In [18]:
import pandas as pd
import json
from huggingface_hub import hf_hub_download
import collections

# Set Up

In [12]:
# Download CLMBR config
path_to_config_json = hf_hub_download(
    repo_id="StanfordShahLab/clmbr-t-base",
    filename="clmbr_v8_original_dictionary.json"
)
print(f"Saved to: {path_to_config_json}")

# Read CLMBR vocab config
with open(path_to_config_json, 'r') as f:
    config = json.load(f)

Saved to: /Users/mwornow/.cache/huggingface/hub/models--StanfordShahLab--clmbr-t-base/snapshots/33d720931853fb1e0f77ffb50244219c9158db4b/clmbr_v8_original_dictionary.json


In [13]:
# Print keys in config
print(config.keys())

dict_keys(['age_stats', 'is_hierarchical', 'regular'])


# Overview

What does each token in the vocabulary look like?

In [None]:
# Print example token in vocab
config['regular'][0]

{'code_string': 'SNOMED/3950001',
 'text_string': '',
 'type': 'code',
 'val_end': 0.0,
 'val_start': 0.0,
 'weight': -0.18811663446051943}

Next, calculate the number of unique tokens in the vocabulary. Filter out any tokens that are ignored (i.e. "unused").

In [None]:
vocab = [ x for x in config['regular'] if x['type'] != 'unused' ] # remove unused tokens
print("Age stats:", config['age_stats'])
print("Is hierarchical:", config['is_hierarchical'])
print("Vocab size:", len(vocab))

Age stats: {'mean': 18144688.37614148, 'std': 13883171.660255756}
Is hierarchical: False
Vocab size: 39811


There are a total of 39811 unique tokens in the CLMBR-t-base vocabulary.

# Token Types

Let's count the number of tokens of each type.

In [32]:
# List types of tokens + counts
token_types = [ x['type'] for x in vocab ]
token_counts = collections.Counter(token_types)
df = pd.DataFrame(token_counts.items(), columns=['Token Type', 'Count'])
df.sort_values(by='Count', ascending=False, inplace=True)
df

Unnamed: 0,Token Type,Count
0,code,25667
2,numeric,11183
1,text,2961


There are 3 different types of tokens in the vocabulary:
    
| Token Type | Count |
|------------|-------|
| code    | 25667 |
| numeric     | 11183     |
| text    | 2961    |

The `code` token type represents a **code without considering any metadata** associated with it. It maps an occurrence of a specific code (e.g. "LOINC/7094-6") directly to a token.

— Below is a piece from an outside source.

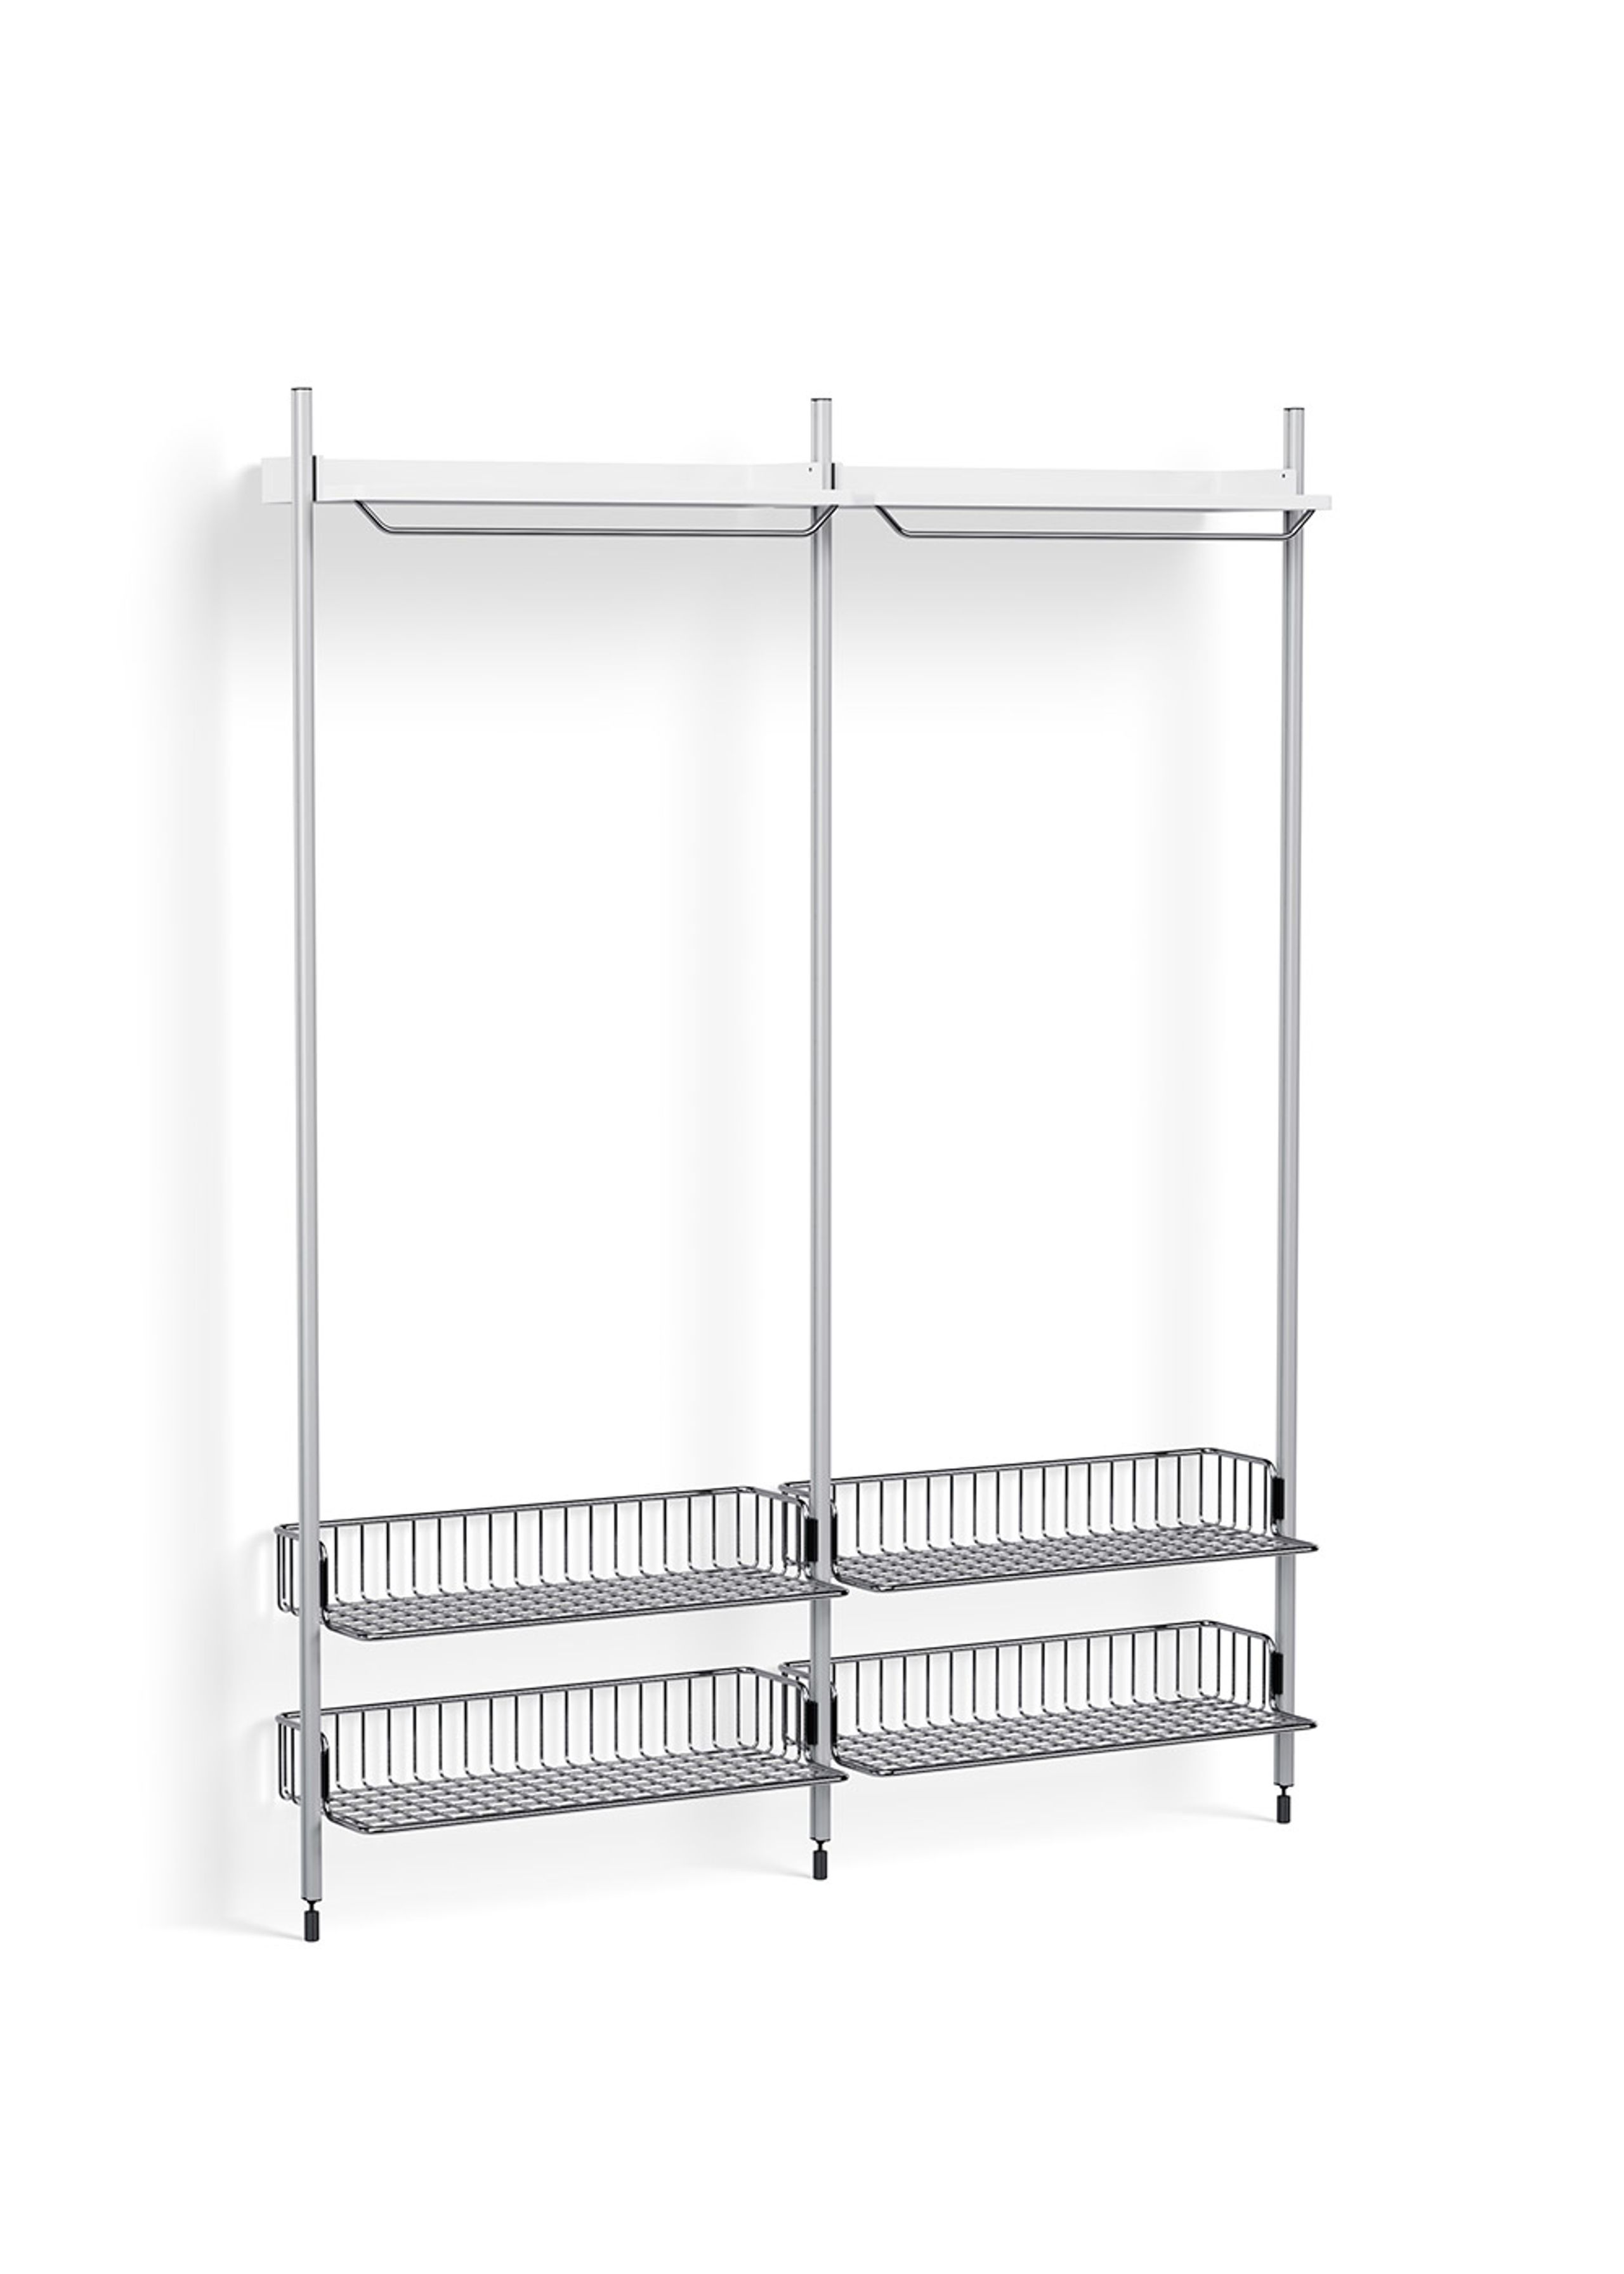 HAY - Reol - Pier System / No. 1012 - White / Clear Anodised Aluminium

The `text` token type represents a **categorical variable**. It maps a code + its discrete value (e.g. "SNOMED/228490006" with the value "N") to a token.

The `numeric` token type represents a **numerical variable**. It maps a code + its value in a specific range (e.g. "LOINC/8867-4" with a value between [69.0, 76.0]) to a token.

Here is an example of each token type:

In [24]:
code = [ x for x in vocab if x['type'] == 'code' ][0]
text = [ x for x in vocab if x['type'] == 'text' ][0]
numeric = [ x for x in vocab if x['type'] == 'numeric' ][0]
print("`Code` token example: ", code)
print("`Text` token example: ", text)
print("`Numeric` token example: ", numeric)

`Code` token example:  {'code_string': 'SNOMED/3950001', 'text_string': '', 'type': 'code', 'val_end': 0.0, 'val_start': 0.0, 'weight': -0.18811663446051943}
`Text` token example:  {'code_string': 'SNOMED/228490006', 'text_string': 'N', 'type': 'text', 'val_end': 0.0, 'val_start': 0.0, 'weight': -0.0353444009671022}
`Numeric` token example:  {'code_string': 'LOINC/8867-4', 'text_string': '', 'type': 'numeric', 'val_end': 69.0, 'val_start': -1.7976931348623157e+308, 'weight': -0.007933071663676598}


# Ontologies

Let's now count how many tokens are from each OMOP ontology.

In [31]:
counter = collections.Counter()
for code in vocab:
    ontology = code['code_string'].split('/')[0]
    counter[ontology] += 1
df = pd.DataFrame(counter.items(), columns=['Ontology', 'Count'])
df.sort_values(by='Count', ascending=False, inplace=True)
df

Unnamed: 0,Ontology,Count
0,SNOMED,16299
7,LOINC,13837
11,RxNorm,4678
9,CPT4,3728
8,CARE_SITE,396
15,RxNorm Extension,255
19,ICD10PCS,233
20,ICD9Proc,196
16,HCPCS,54
18,ICDO3,52


SNOMED is the most commonly represented ontology in the CLMBR vocabulary with 16299 derived tokens, followed by LOINC with 13837 and RxNorm with 4678.